The traditional method of submitting documents on paper usually means you might have to send them by mail or courier service, and then wait multiple rounds of interaction with a regulatory authority before obtaining a resolution. When you submit documents electronically, this interaction can go away because you simply upload a document, and the agency can review and comment on the document through a secure online portal. This reduces the overall time to market.

 2. Reduce Mistakes and Improve Accuracy

When you submit paper documents, there is a chance for human error; for example, the document may be missing a signature, a page may have been left out, or documents may even be illegible. These human errors are why regulators will reject a submission, or it may hit a pause in the review. Digital submissions utilise structured templates and validation measures to ensure all required fields have been completed correctly before submission. Doing this will reduce an agency’s risk for compliance and its chance for first-time approval for your submission.

3. Cost Savings

While e-submission might have some setup costs, the savings begin to pay off over time. As manufacturers are no longer printing materials, couriering documents, and spending manual labour time, the costs are significantly lower when an e-submission program is used. Additionally, if approvals take considerably less time, products can be on the market quicker and start earning revenue and avoid costs associated with missed opportunities.
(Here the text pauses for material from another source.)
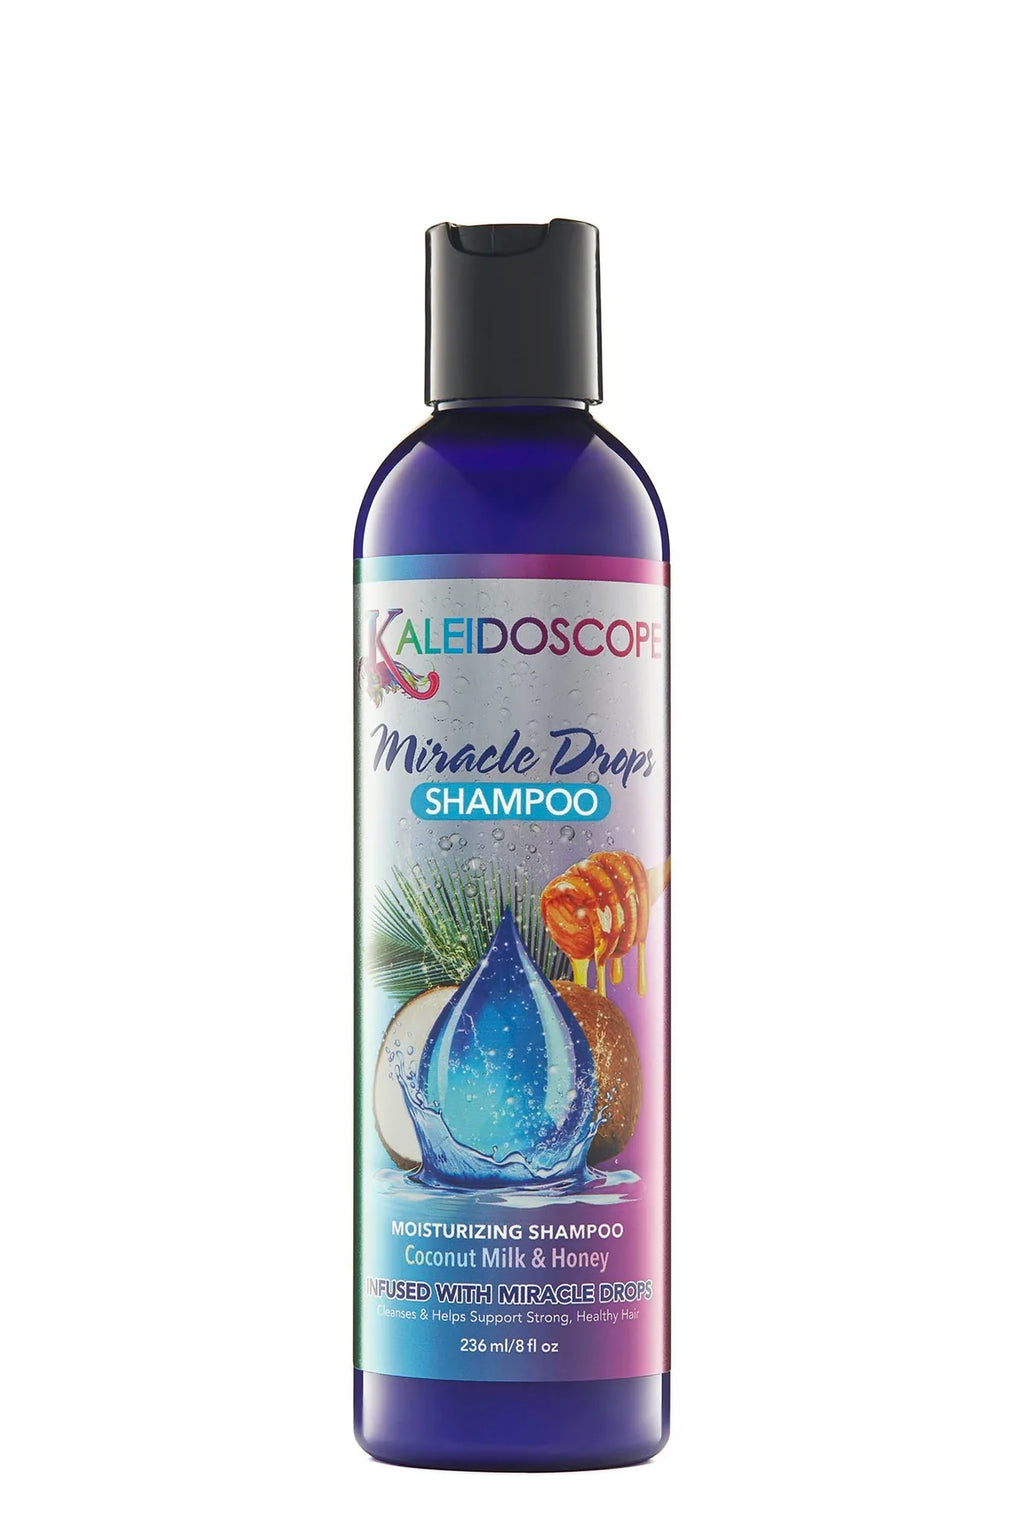 Kaleidoscope Miracle Drops Shampoo 8oz

4. Better Tracking and Record-Keeping

Because these documents are electronically submitted, manufacturers are able to easily track submission status in real time. The manufacturer will know the status of the review, will receive alerts if further clarifications to the submission are necessary, and the submission record can easily remain in order in these electronic submissions. Not only does this support straightforward audits, but it also supports compliance.
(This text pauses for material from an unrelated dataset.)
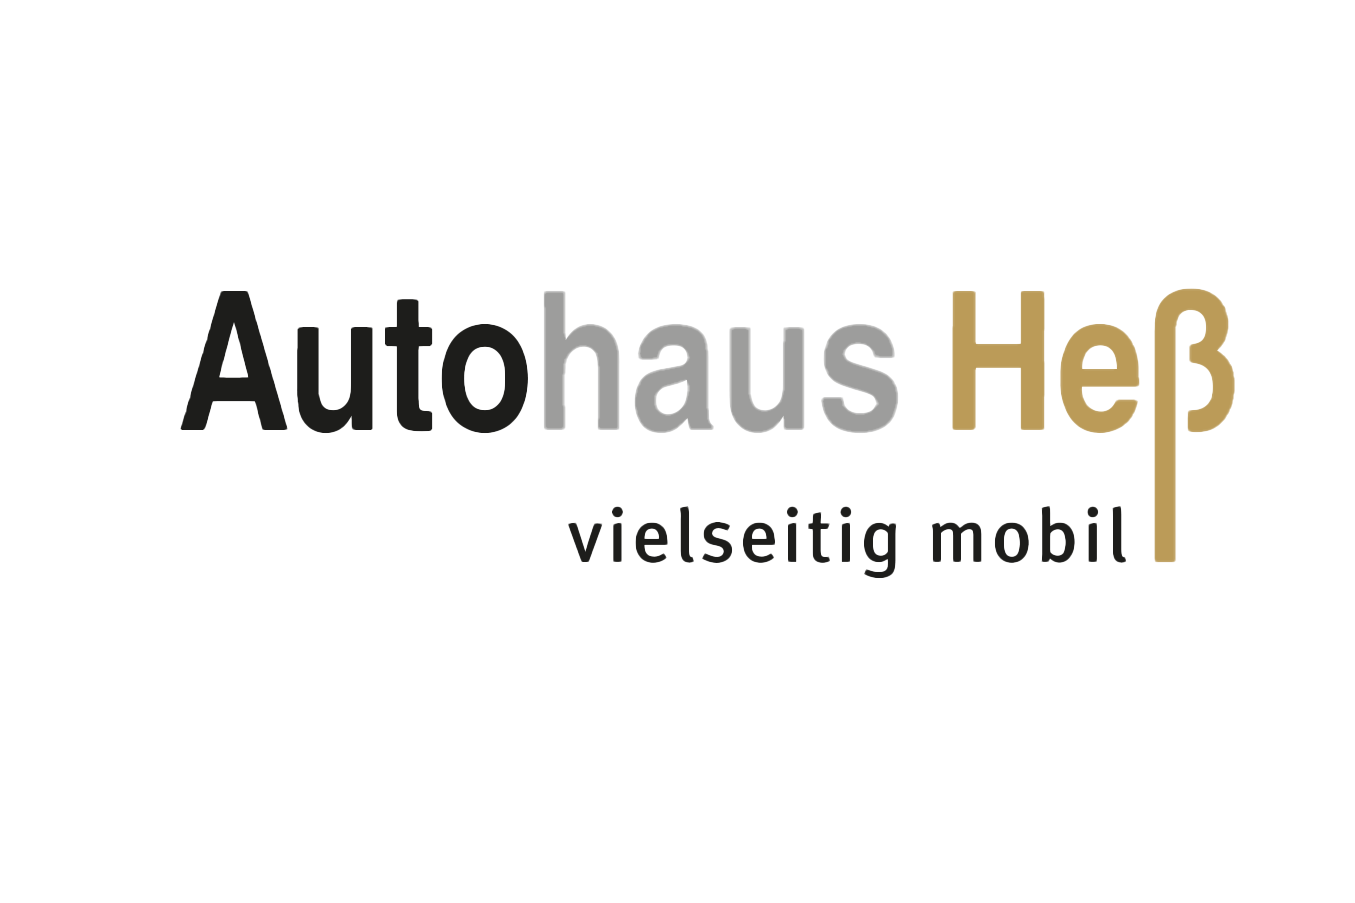 Autohaus Heß GmbH - vielseitig mobil logo

5. Global Compliance Made Simpler

Many countries now accept, and even prefer, electronic submissions for medical MD registration. Digital platforms help manufacturers standardise submissions across many regulations and prepare for approvals across multiple jurisdictions. This can assist with consistency and compliance under FDA 21 CFR Part 11, EU MDR, or Health Canada and other regulations.
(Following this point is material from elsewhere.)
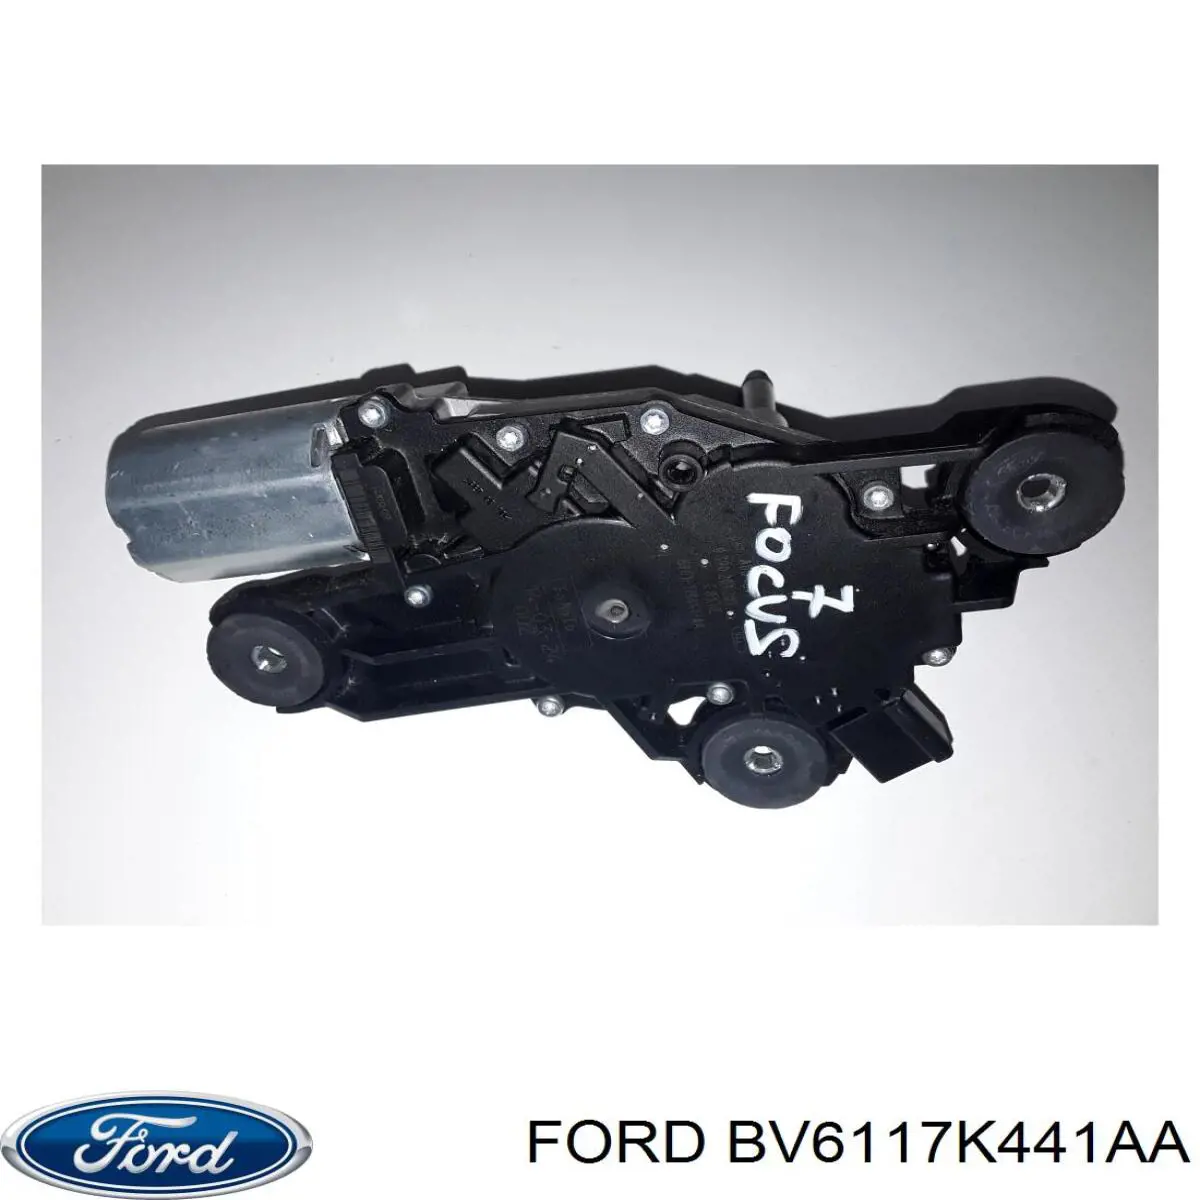 1851421 Ford motor limpiaparabrisas, trasera

How Electronic Submission Works

Digital Submission Preparation

All technical dossiers, quality systems documents, risk assessments, and labelling were converted to electronic formats; a typical standard would be eCTD (electronic common technical document) or PDF.

Submission Platforms

Regulatory agencies provide online sites for manufacturers to upload their documents. These sites typically have automatic validation checks, version control, and/or secure messaging. 

Secondary Automated Validation and Review

Most platforms have automated validations to check submissions for missing information or formatting. Automation mitigates the chance of rejection due to administrative error and helps to ensure smoother communication with regulators.

Regulatory Feedback and Approval

The authority reviews the submission online, may require additional information, and/or provide feedback. Electronic submissions allow for quick responses, tracking changes, and tracking correspondence efficiently.

Best Practices for Electronic Submissions

• Utilise Organised Templates: If you want to be less prone to making mistakes, it would be a good idea to use the templates that the regulatory agency has suggested. 

• Keep Your Documents Updated: When submitting, it is of utmost importance to see if the technical and quality documents are still applicable and updated. 
• Preparation of documents for uploading: Ensure that the documents are in the correct format, have all the required signatures, and are complete so that there will be no waiting times. 
• Employ Cloud Platforms: Secure cloud storage offers the team a means of collaborating and access to documents when required.
• Retain audit trails: Keep a log of the documents and submissions, which ultimately support audit and regulatory inspection processes.

Why Are Manufacturers Looking to Move to E-Submissions? 

Essentially, it might not be a big surprise that medical device companies are increasingly realising that one of the most important factors for them to stay competitive in both healthcare and regulatory environments is speed and efficiency. In fact, the mere act of employing an e-submission approach would in itself accelerate the whole time frame for approvals, but at the same time would be very beneficial for the rest of the elements, such as conformity, elimination of mistakes, saving of money, and so on. 

As regulatory agencies across the globe are leveling up their standards, there is a global push towards e-submissions being the new standard for medical device registration.

Conclusion

Transitioning to electronic submissions marks a fundamental shift within medical device submissions. Manufacturers save time, enhance accuracy, improve trackability, and are able to comply globally while going electronic. For medical device innovators, electronic submission platforms are not an option; they are now a strategic imperative to remain innovative and insightful within a more regulated and competitive industry.